The labeling instruction in the foregoing description includes the position of each labeling 3D face key point in the initial three-dimensional face model, the index of the face patch where each labeling 3D face point is located, and the barycentric coordinates of each face patch. Therefore, the spatial relative position between each marked 3D face key point and the barycentric coordinates of the face patch where the marked 3D face key point is located can be determined based on the barycentric coordinates and the marked D face key point, and the spatial relative position comprises the distance and the direction. Because the spatial relative position relation between the marked 3D face key points and the face patches is not changed, the current position of the target marked 3D face key points can be obtained based on the barycentric coordinates and the spatial relative positions of the face patches where the marked 3D face key points are located.

For further connection with the technical solution in the present application, the following detailed description with reference to fig. 11 may include the following steps:

step 1101: obtaining a virtual face image training sample, wherein the virtual face image training sample comprises each virtual face image and the labeling position of each 2D face key point in each virtual face image;

step 1102, inputting the virtual face image training sample into a face key point extraction network model to extract 2D face key points, and obtaining predicted positions of the 2D face key points in each virtual face image;

step 1103 obtains a training error value based on the labeling positions of the 2D face key points and the predicted positions of the 2D face key points;

step 1104: judging whether the training error value is greater than a second designated threshold, if so, executing step 1105, and if not, executing step 1106;

step 1105: after the specified parameters in the face key point extraction network model are adjusted, returning to the execution step 1102;

step 1106: finishing training the face key point extraction network model to obtain a trained face key point extraction network model;

step 1107: retraining the trained face key point extraction network model by using a real face image training sample to obtain a retrained face key point extraction network model, and determining the retrained face key point extraction network model as the trained face key point extraction network model, wherein the real face image training sample is obtained based on the initial three-dimensional face model and the acquired real three-dimensional face model;

Step 1108: inputting the face image into a pre-trained face key point extraction network model for 2D face key point extraction aiming at any face image, and obtaining the position of each 2D face key point in the face image;

step 1109, projecting each marked 3D face key point in a preset initial three-dimensional face model into the face image to obtain the position of each 2D projected face key point in the face image;

step 1110: obtaining error values based on the positions of the 2D projection face key points and the positions of the 2D face key points;

step 1111: judging whether the error value is greater than a first designated threshold, if so, executing step 1112, and if not, executing step 1113;

step 1112, after adjusting the three-dimensional face parameters of the initial three-dimensional face model, returning to step 1109;

step 1113: determining the adjusted initial three-dimensional face model as a target three-dimensional face model;

step 1114: and according to the marked 3D face key points and the 2D face key points in the target three-dimensional face model, obtaining the positions of the 3D face key points in the face image.

Based on the same inventive concept, the single-image-based face key point extraction method disclosed by the disclosure can also be realized by a single-image-based face key point extraction device.
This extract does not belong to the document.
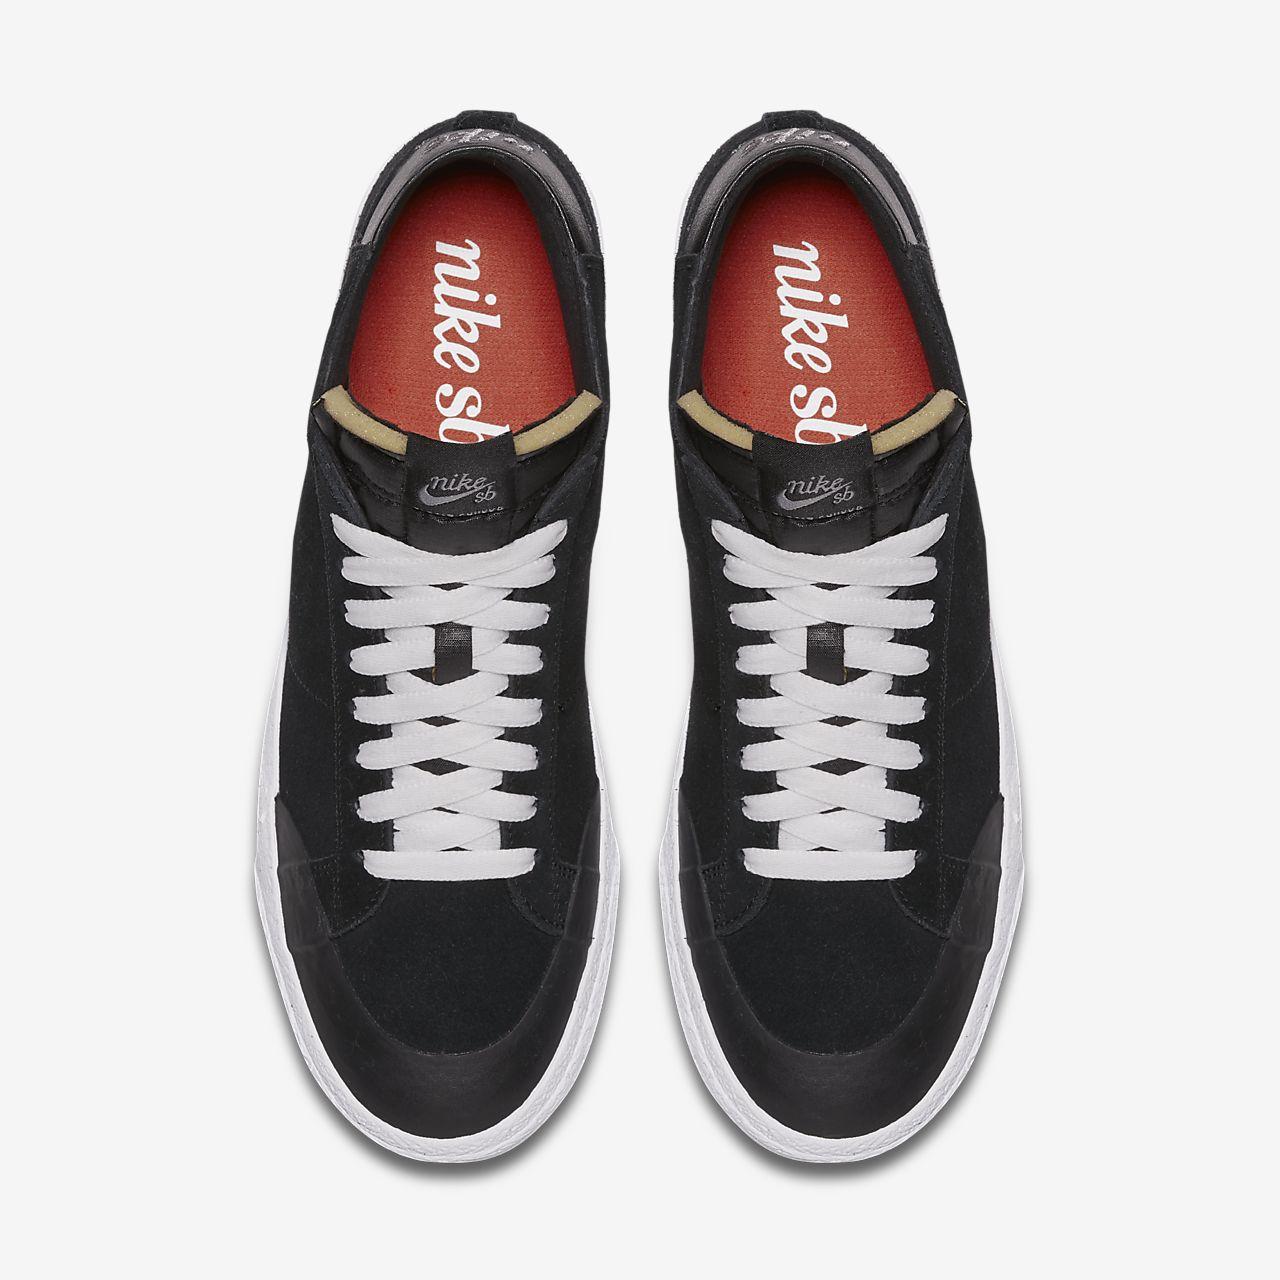 watch 9a4dc a5524 Low Resolution Nike SB Zoom Blazer Chukka XT Men s Skateboarding Shoe Nike  SB Zoom Blazer Chukka XT Men s Skateboarding Shoe

The effect of extracting the key points of the face based on the single image is similar to that of the method, and is not repeated here.

Fig. 12 is a schematic structural diagram of a single image-based face key point extraction device according to one embodiment of the present disclosure.

As shown in fig. 12, the single image-based face keypoint extraction apparatus 1200 of the present disclosure may include a 2D face keypoint extraction module 1210, a projection module 1220, an error value determination module 1230, an adjustment module 1240, and a 3D face keypoint determination module 1250.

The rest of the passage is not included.